GIII東京スポーツ杯2歳S(月曜=23日、東京芝1800メートルがのちのGI馬量産レースなのも、昨年の勝ち馬が無敗の3冠馬になったのも周知の通りだが、必ずしもそれらが戦前から圧倒的な評価を受けていたわけではない。
コントレイルですら単勝2.5倍。同じく
ディープインパクト産駒で、新馬勝ちからの
ステップだった
アルジャンナも単勝3.0倍とそう差のない支持を集めていた。要は
コントレイルが絶対的な評価を獲得したのは2歳レコード1分44秒5を叩き出し、5馬身差の圧勝劇を飾った後。そう、無敵の3冠ロードの起点となったのが、この東スポ杯だったとしていい。
あまりに昨年の勝ち馬がすご過ぎるがために、「今年は
コントレイルほどの馬は…」と言われてしまいがちだが、レースを終えてみれば、今年もまたスーパーホースが誕生しているのかも…。
ダノンザキッドにはそんな可能性を感じずにはいられない。
6月28日の阪神芝外回り1800メートル新馬戦。好位追走から抜け出してからは流す余裕を見せてなお、後続に3馬身差をつけた。しかも直線を向いて内にヨレるなど、若さを見せながらの圧勝劇が逆に大物感を際立たせることに。安田隆厩舎のスポークスマン・安田景一朗助手は、衝撃の初戦を「緩さのある中で、ああいう勝ち方をしてくれたので、先々が楽しみになったことは確かですね」と振り返る。

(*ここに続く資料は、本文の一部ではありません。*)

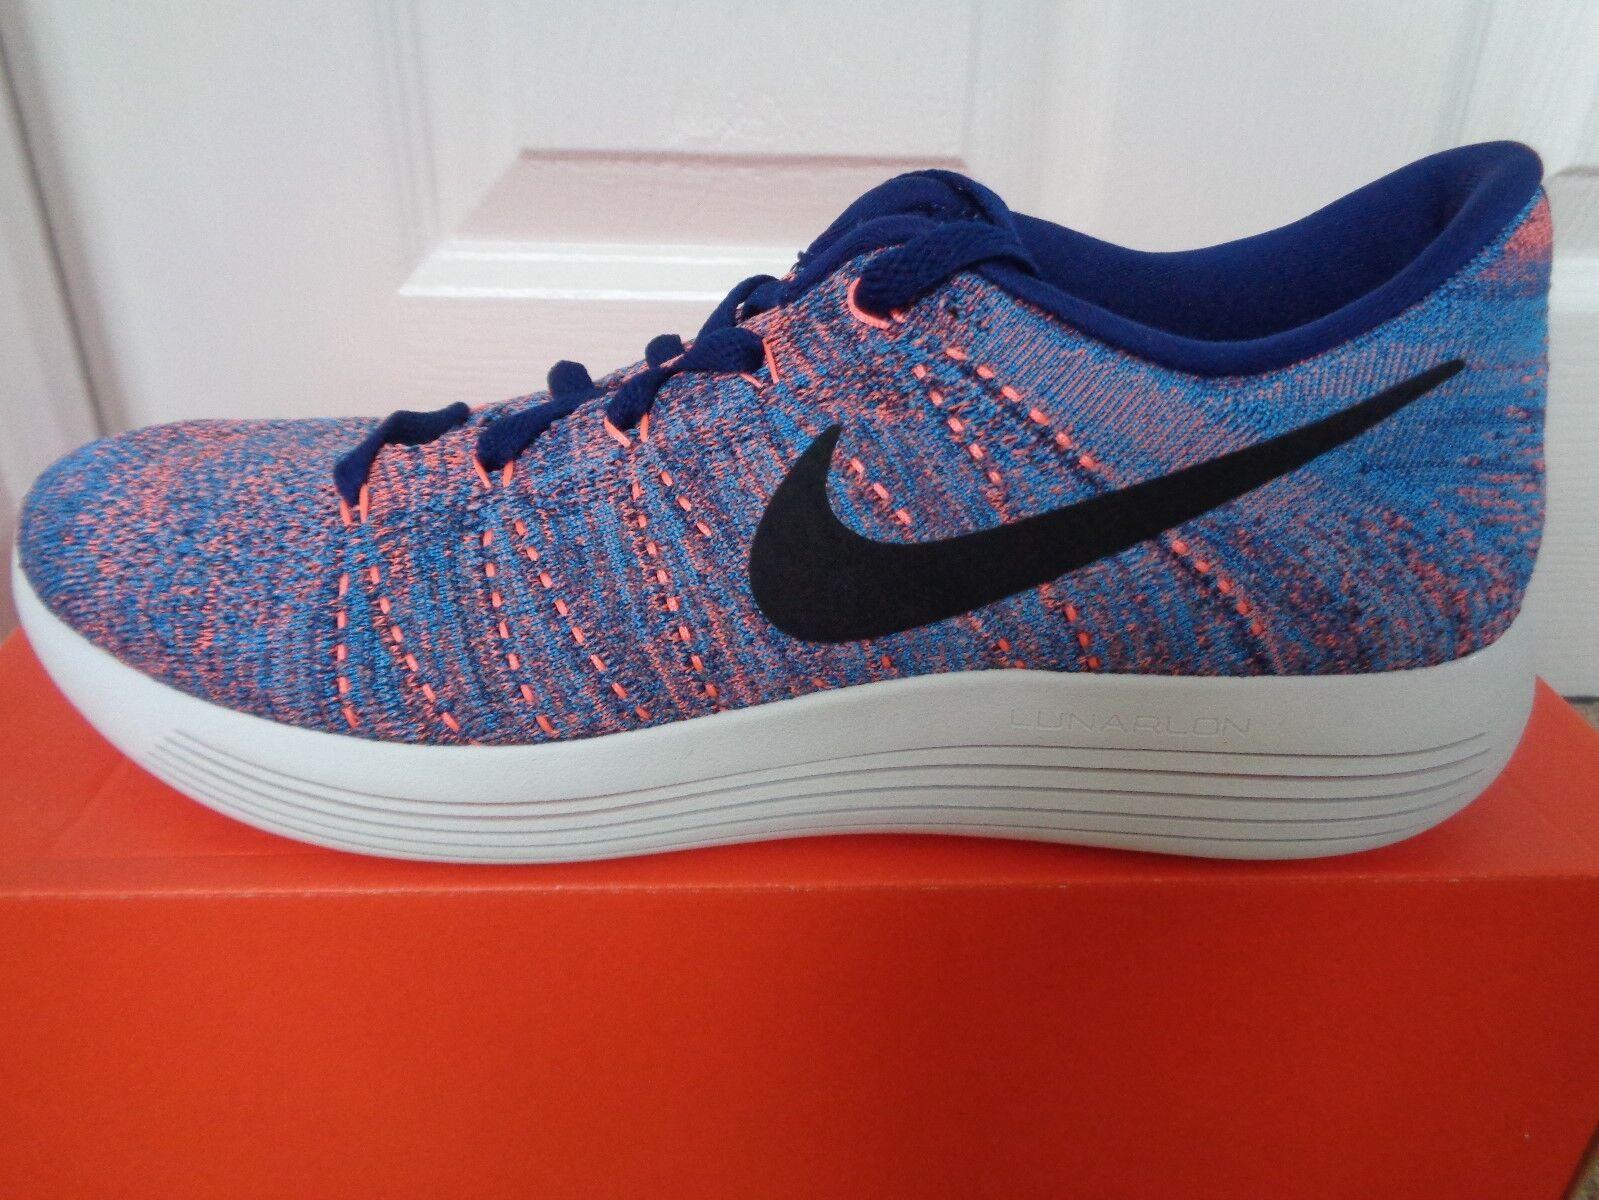 Nike lunarepic Low Flyknit mens trainers eu 42.5 us 9 NEW+BOX

ならば、この中間は課題の緩さが解消されて、さらなる進化を遂げている?まさに期待感は高まる一方だが、安田助手から続いた言葉は…。
「放牧で成長を促しましたが、まだまだ緩さが目立つし、まったく完成されてはいないですね。調教でもまだ能力だけで走っているような感じで粗削りなところが目立ちます。たとえば手前の変換もまだスムーズにはいかないし…。初戦の勝ち方でだいぶ期待してもらっているようですが、長い目で見てほしいですね」
意外なほど慎重な言葉が並んだ。とはいえ、1週前追い切りでは、川田を背にウッド併せ馬で6ハロン79.1-11.8秒の好時計をマークして僚馬を一蹴しているではないか。ちょっと慎重過ぎやしませんか?
「いやいや、時計は確かに出てましたけど、内容的にはまだまだ課題だらけですよ。とにかくまだ2戦目ですから、(東スポ杯が)いい経験になってくれれば。先を見据えながら一戦一戦成長していくことこそが大事ですから」
ここまできて、ようやく真意が分かったような気がしてきた。一昨年のセレクトセール当歳で1億円で落札。常に注目を集めてきた期待の素質馬だからこそ、不必要に目立たせることなく、地に足をつけて、しっかりと育成していきたい思いが強いのだろう。
ダノンザキッドが真価を発揮するのはこの東スポ杯か、まだ先のことか。それはまだ分からないが、来春のクラシックのころには主役の扱いを受けていることだけは確信している。